Сара поняла, что больше не нужна, и направилась к выходу. Было пять минут пятого, она опаздывала в парикмахерскую на полчаса. Хорошо, если успеет сделать маникюр, а то может и не успеть. Едва она вышла из зала, как ее остановила одна из женщин – членов комитета. За ее спиной маячил менеджер ресторана. Вышло недоразумение с закусками: не доставили маленькие устрицы «Олимпия», а то, что имелось в наличии, оказалось недостаточно свежим. Требовалось срочно что-то придумать. В кои-то веки дело пустячное.
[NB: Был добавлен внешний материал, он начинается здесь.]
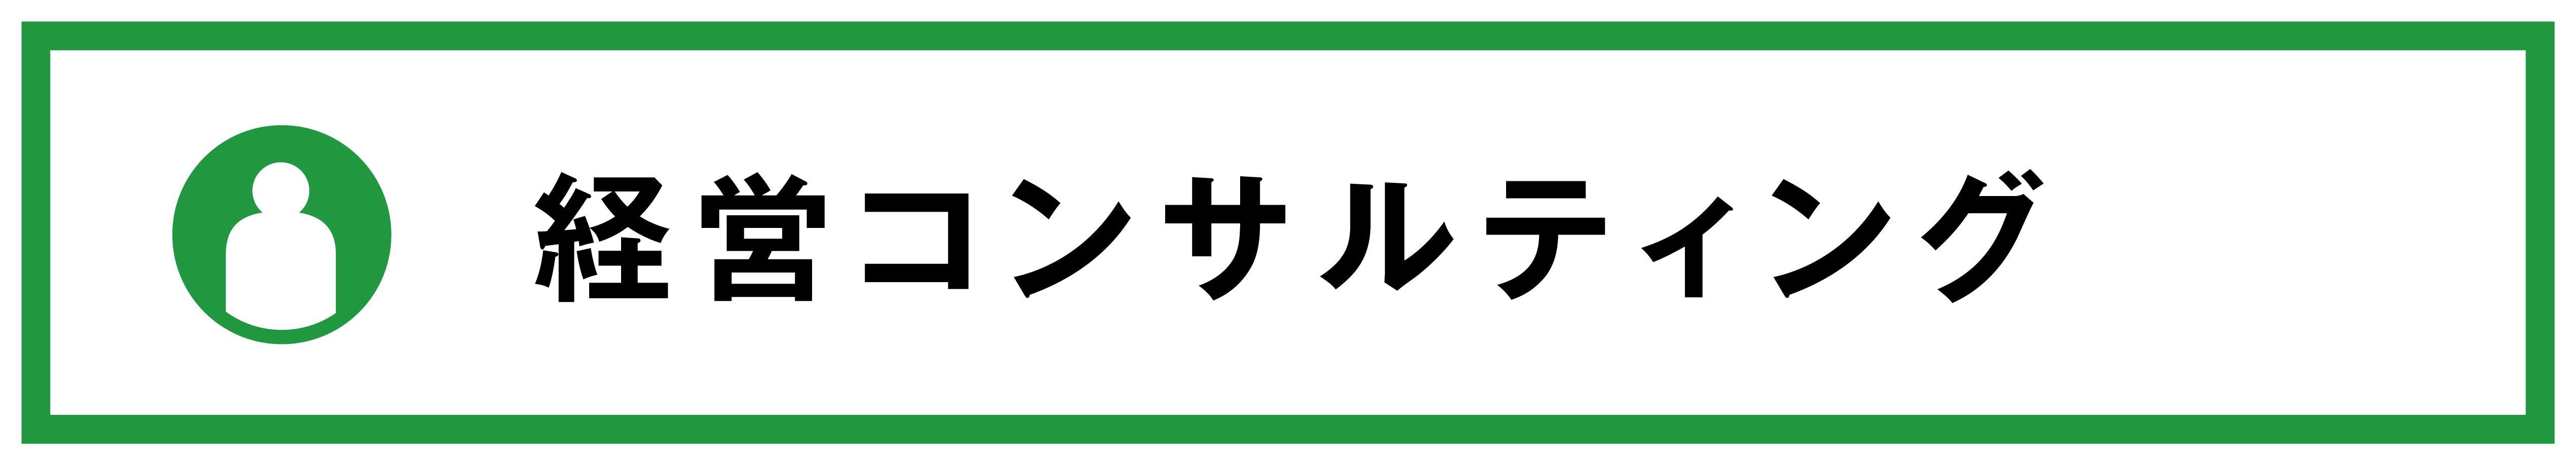 _blog_ハ?ナー 2-07.jpg
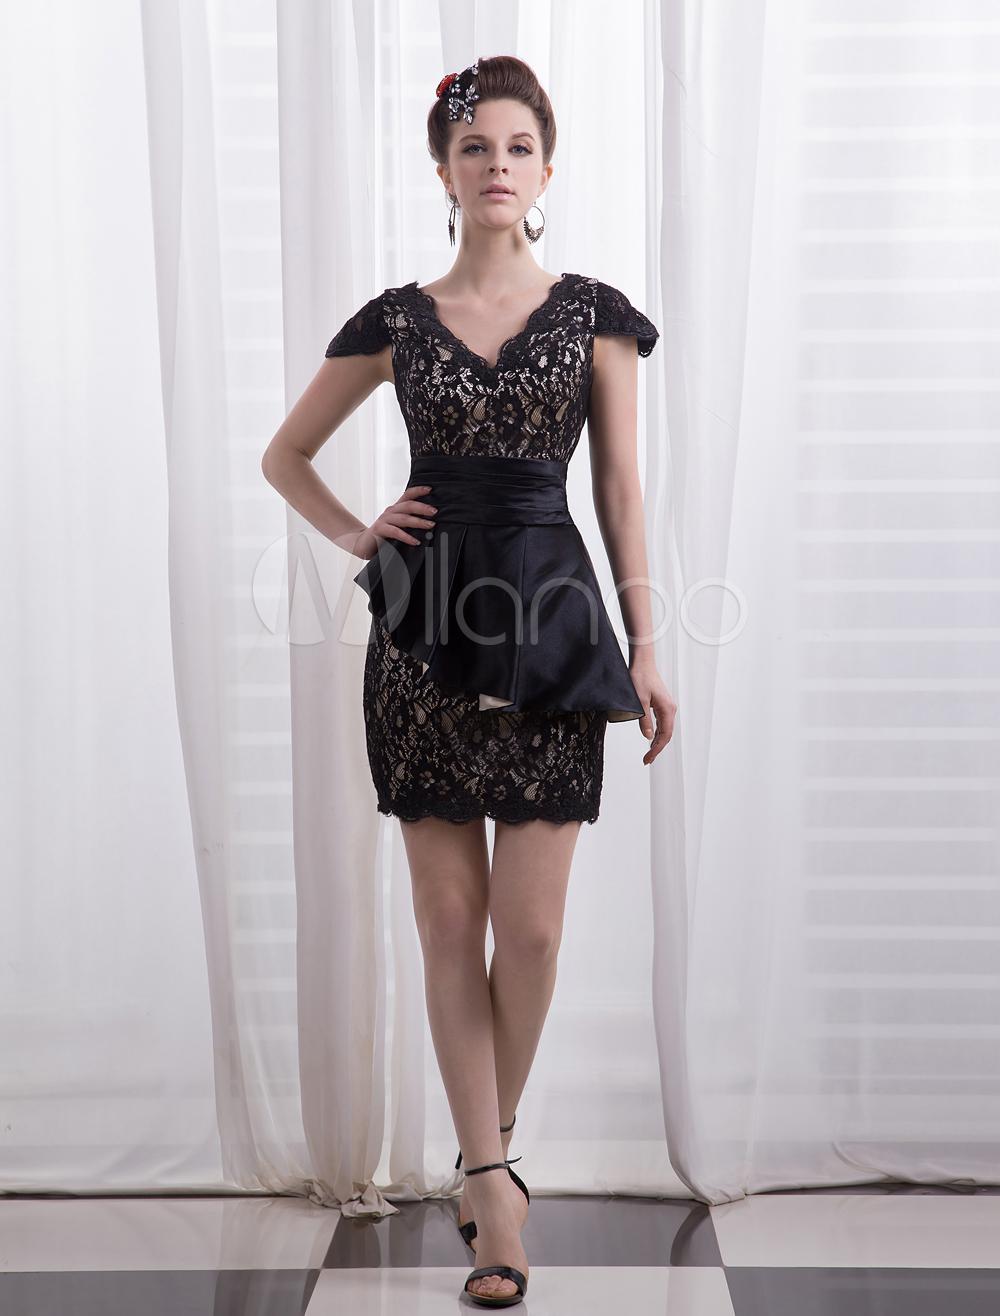 Black Sheath V-Neck Peplum Short Sleeves Lace Cocktail Dress Milanoo

Привыкшая принимать ответственные решения, Сара предоставила женщине из комитета уладить проблему самостоятельно – выбрать что-нибудь, только не икру или нечто такое же дорогое, и поспешила к лифту. Выбежав на улицу, она справилась у парковщика о своей машине. Автомобиль ждал неподалеку: недаром сегодня утром она не поскупилась на чаевые. Сара резко рванула с места, выехала на Калифорния-стрит, свернула налево и покатила по Ноб-Хилл. Через пятнадцать минут она была возле парикмахерской. Задыхаясь и извиняясь за опоздание, она влетела внутрь. Стрелки часов показывали тридцать пять минут пятого, а выехать отсюда ей нужно не позже шести. О том, чтобы выйти отсюда самое позднее без пятнадцати пять, как она ранее собиралась, не могло быть и речи. Все знали, что Сара организатор сегодняшнего грандиозного благотворительного вечера, а потому ее поспешно усадили на стул, принесли минеральной воды, а затем и чашку чаю. Сразу, как только ей вымыли и высушили голову, маникюрша принялась за дело.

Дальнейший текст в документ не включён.